The PUC in December instructed the ISO to draw up the NPRR over concerns that transmission projects along the U.S. border with Mexico may threaten ERCOT’s electrical separation from the rest of the country and the PUC’s exclusive jurisdiction over the Texas grid operator. (See “Fending off FERC,” Texas PUC Challenging SPP-Mountain West Intertie Costs.)

FERC’s jurisdiction is derived from the Federal Power Act, which gives the commission broad authority to regulate interstate commerce by public utilities. FERC does not have plenary jurisdiction over the ISO because the energy generated in the region is not transmitted in interstate commerce, except for certain interconnections ordered by the commission that do not give rise to broader jurisdiction.

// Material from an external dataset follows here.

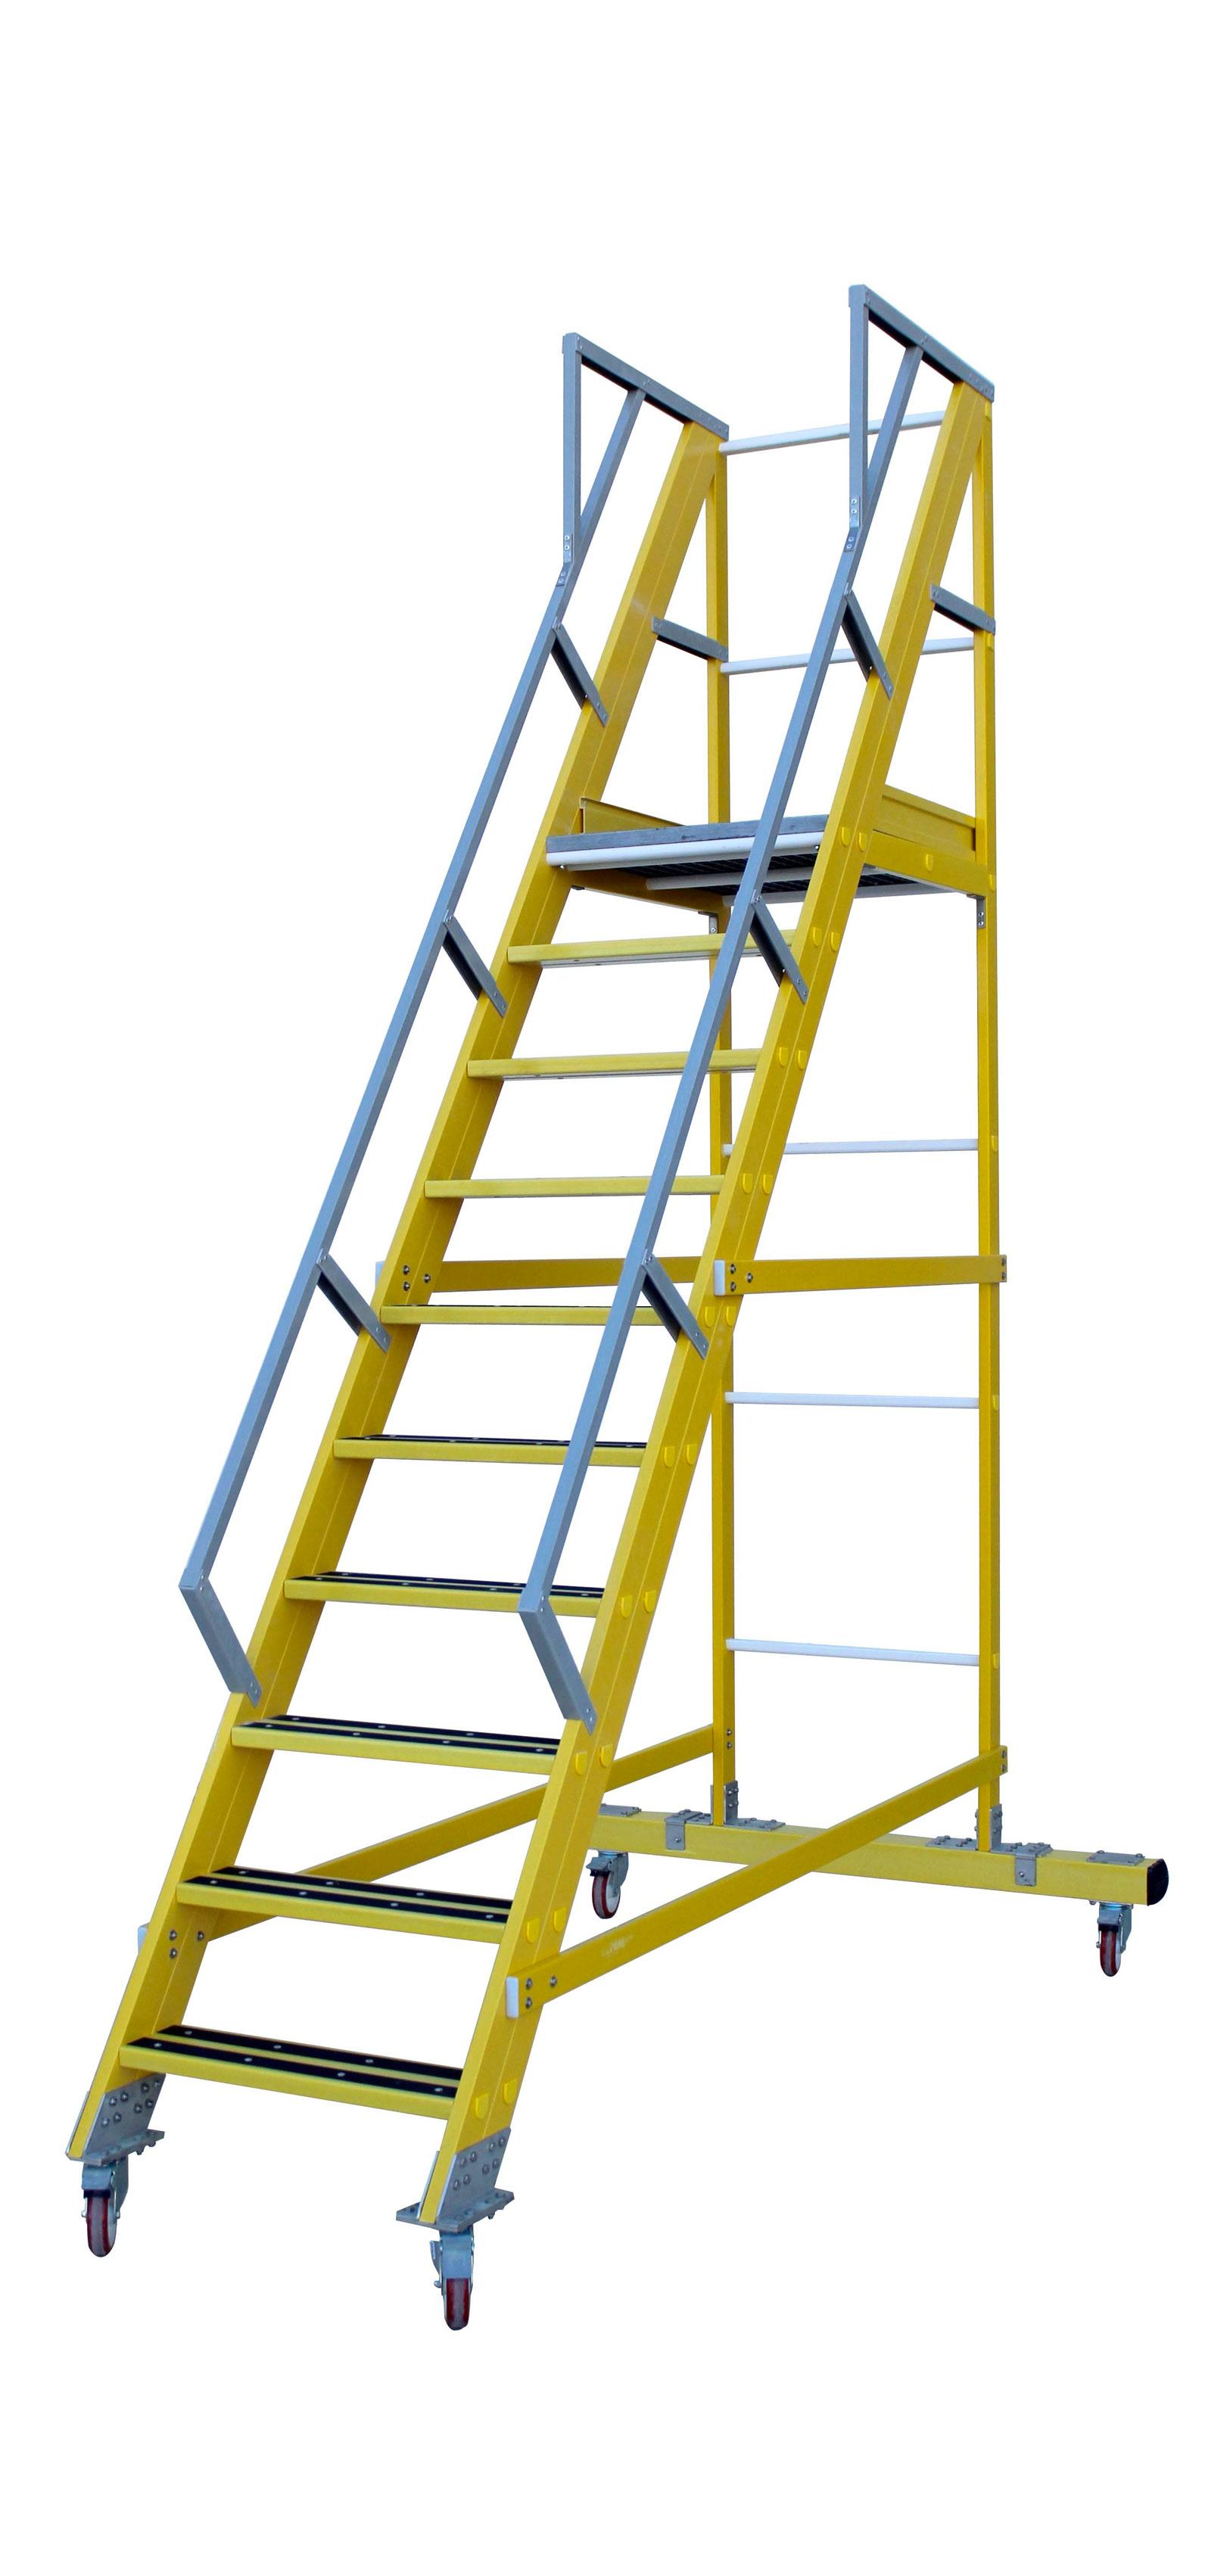 Aluminium folding rolling platform ladder escaleras arizona - Imagenes de escaleras ...

The committee also unanimously endorsed six other NPRRs, a system change request (SCR) and a nodal operating guide revision request (NOGRR):

  • NPRR819: Removes language referencing “data errors” for resettlement of the DAM and real-time market (RTM); gives the ERCOT board authority to direct a DAM resettlement parallel to its authority to direct an RTM resettlement; removes references to undefined “declarations” of resettlements; changes the thresholds that determine a resettlement; and fixes a semantics error.
  • NPRR841: Determines in real time the day-ahead make-whole payment by incorporating the ancillary services infeasibility charge, approved with NPRR782, into the payment’s analysis.
  • NPRR842: Defines a “study area” as an ERCOT-designated “geographic region,” separate from a weather zone or load zone, used primarily for study purposes.
  • NPRR844: Corrects the current process of including capacity that is modeled but not yet commercially operational in the outage scheduler, which is then reflected in the outage report.
  • NPRR852: Creates a more efficient approval process when updating the congestion revenue right activity calendar; removes unnecessary “advisory approval” language; and moves the calendar’s approval from the TAC to the WMS.
  • NPRR855: Clarifies the criteria for including new and retiring resources in the seasonal peak average capacity estimation calculations used for ERCOT’s Capacity, Demand and Reserves report. The revisions apply to wind, solar, DC ties, hydro and all-inclusive generation resources within private-use networks.
  • NOGRR169: Aligns the guide’s language with NERC Reliability Standard PRC-002-2 (Define Regional Disturbance Monitoring and Reporting Requirements) to determine required locations for NERC-required disturbance monitoring equipment. This relieves the burden on facility owners to adhere to two vastly different requirements for the same purpose.
  • SCR794: Updates how the SCED limit is calculated by the Transmission Constraint Manager to consider how the megavolt-ampere flows compare to actual limits.